I would love to try DS4 so bad. Well, I don't have a machine for it. I will just stick to openrouter. I wish I can run a competitive oss model on 32GB machine in 3 years.
You could try DS4 on that machine anyway and see how gracefully it degrades (assuming that it runs and doesn't just OOM immediately). Experimenting with 36GB/48GB/64GB would also be nice; they might be able to gain some compute throughput back by batching multiple sessions together (though obviously at the expense of speed for any single session).
It's so hard to predict what size the open-weight models will be, even in 6 months time. Will a 96GB machine turn out to be a complete waste of money? Who knows.
FYI, this to me points to an inference bug, bad sampling, or a non-native quant. OpenRouter is known to route requests to absolutely terrible, borked implementations. A model like DeepSeek V4 Flash shouldn't be making syntax errors like this.
> Starting from MacBooks with 96GB of RAM.
... oh. And I thought I bought a lot with 48 GB.
Here's one of the top hits: https://forums.developer.nvidia.com/t/fully-custom-cuda-nati...
Bizarre comment; sounds like "How do you know Porsches are fast?

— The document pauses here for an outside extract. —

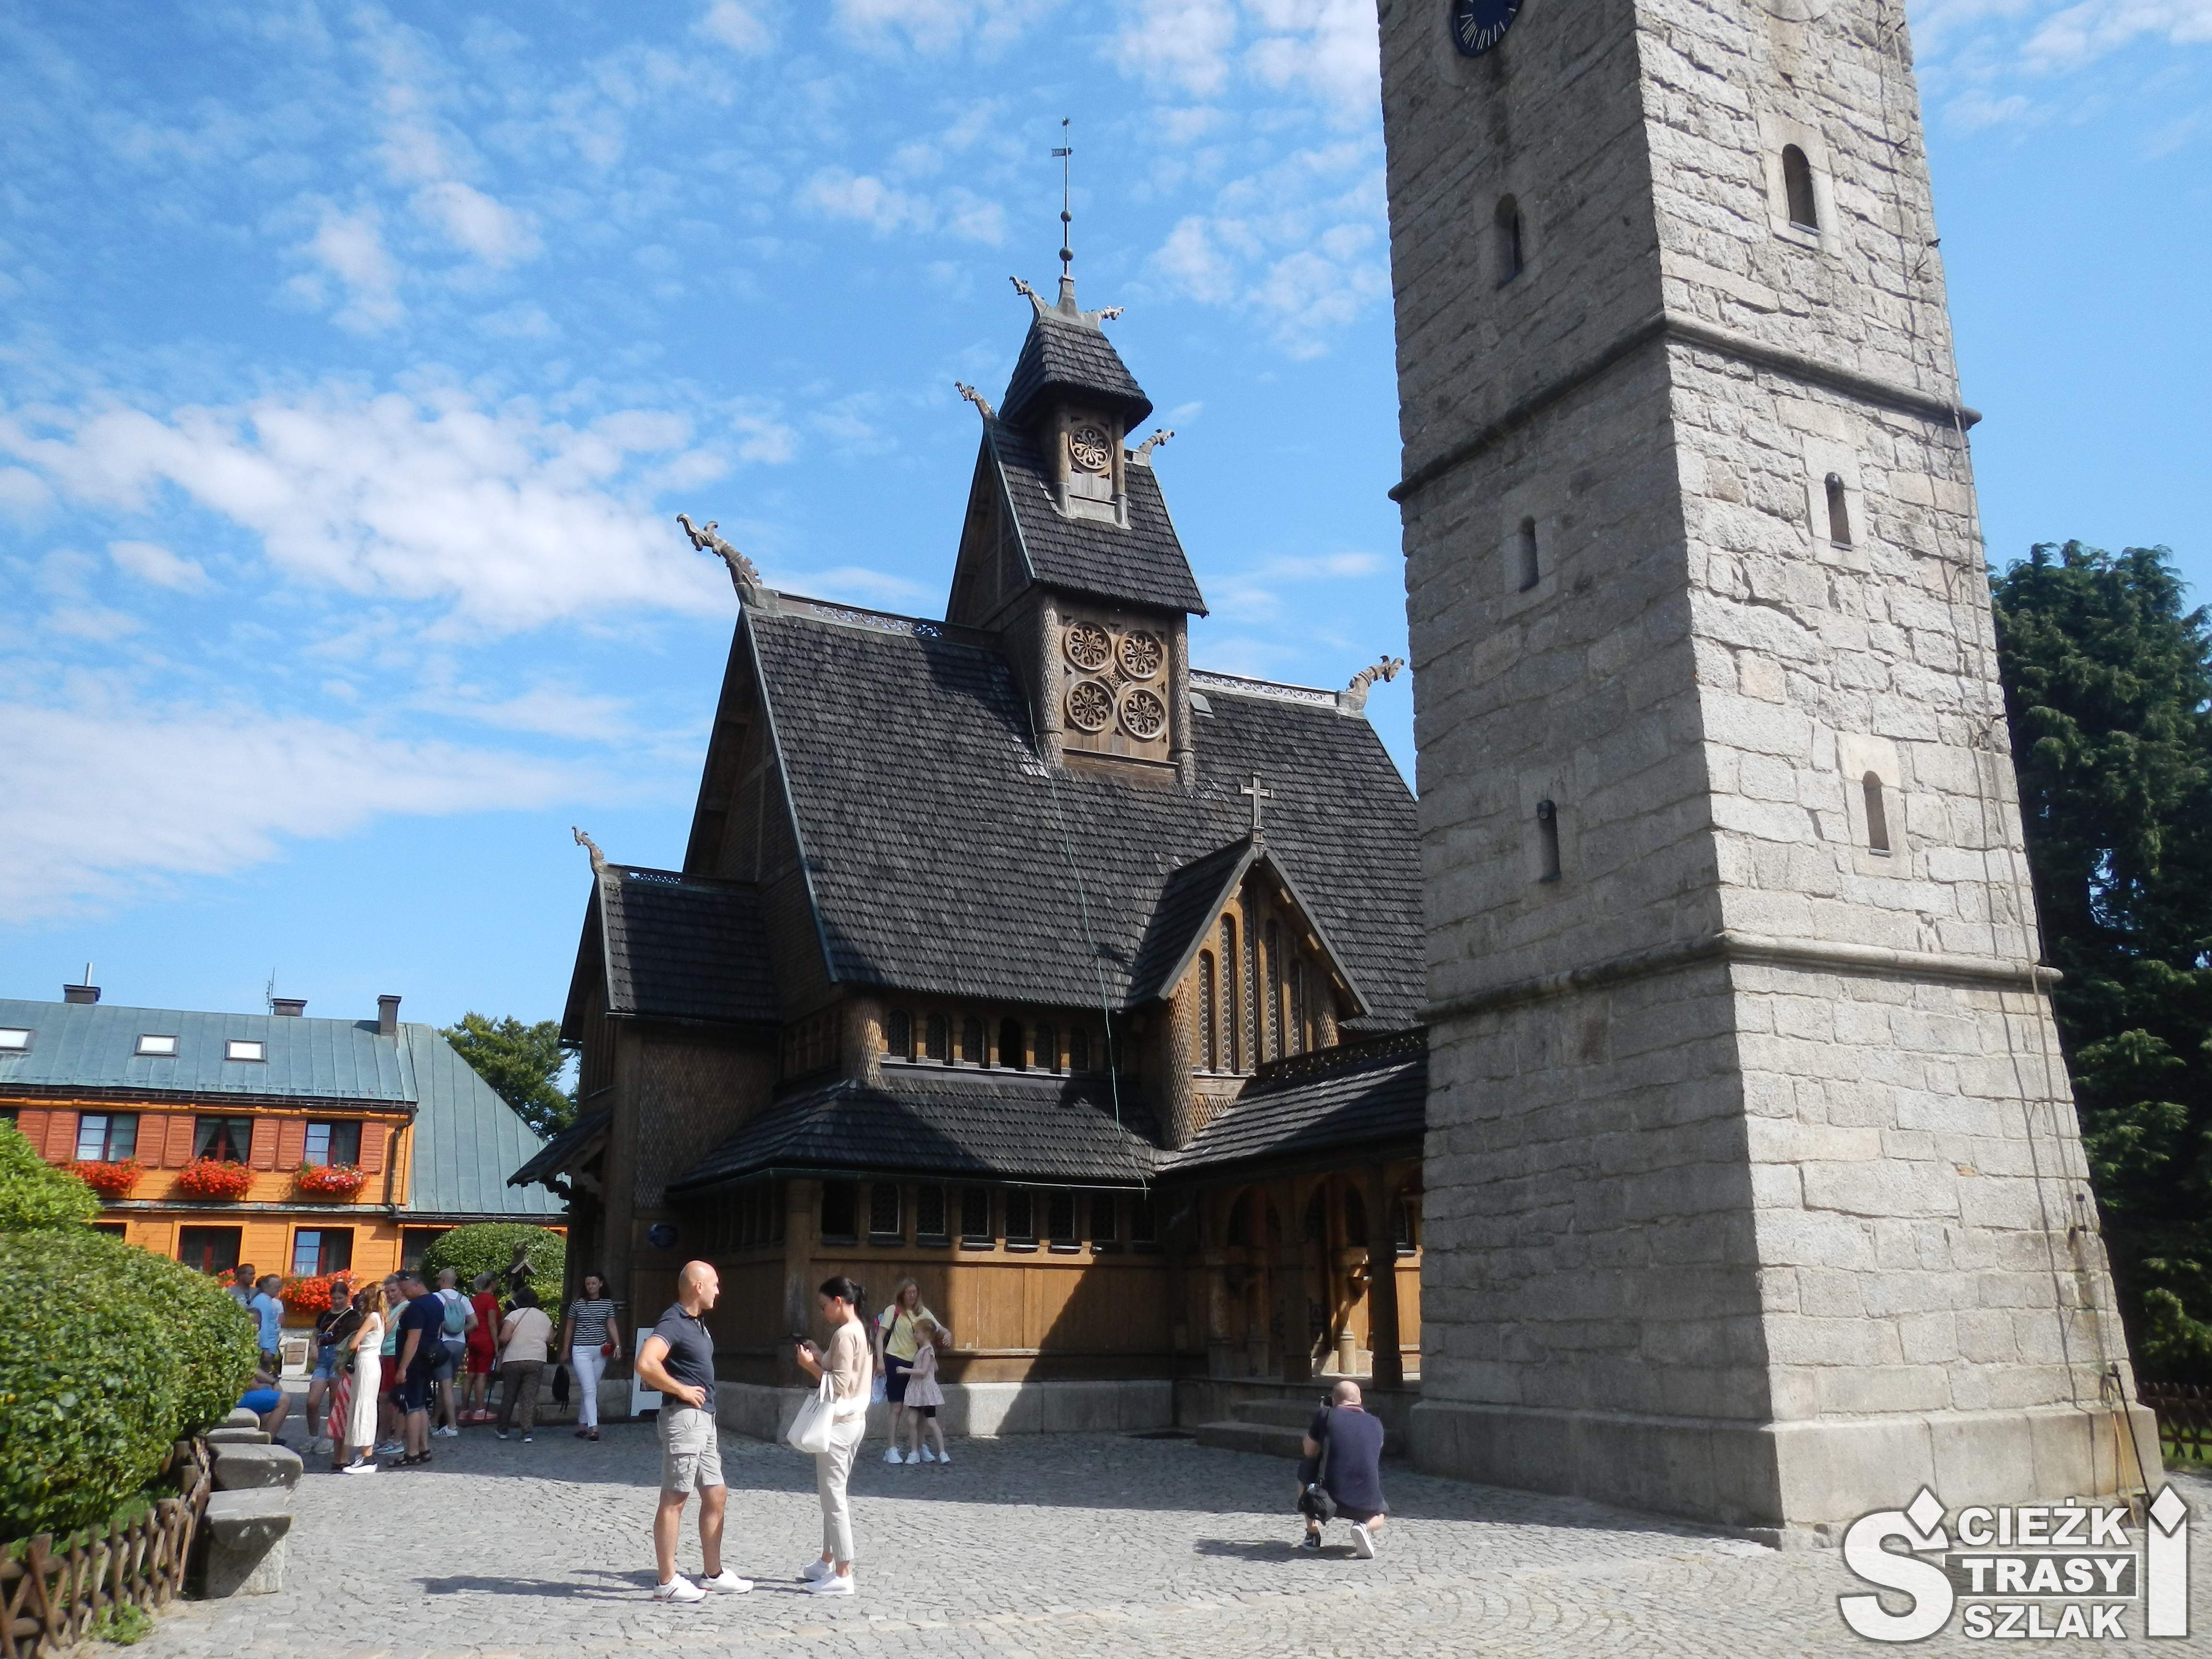 Zabytkowy kościół drewniany osłonięty przed górskim klimatem przez wysoką dzwonnicę podziwiany przez dorosłych

Did you drive one?"
I just find it really funny people are willing to write things like "empirically speaking, X is obvious" without actually testing it themselves.
I've seen mixed reviews, and the most honest sounding ones have said it has latency issues.
I don't really care that much what the average LLM power user says at this point, they're impressed by anything an LLM does. They're like toddler's entertained by the sound their Velcro shoes make.
You LLM people are going to be like my mom, once she got an Maps app she completely gave up on navigating anywhere with her own brain, and is lost without a phone.
Except for you LLM people, its going to be reading, writing, problem solving and thinking in general. You'll be completely reliant on an llm to get anything done, have fun with that. You're cooked bro.
"You LLM people". Has it occurred to you that individuals have variation within groups?
Apologies. Where did I form my opinions?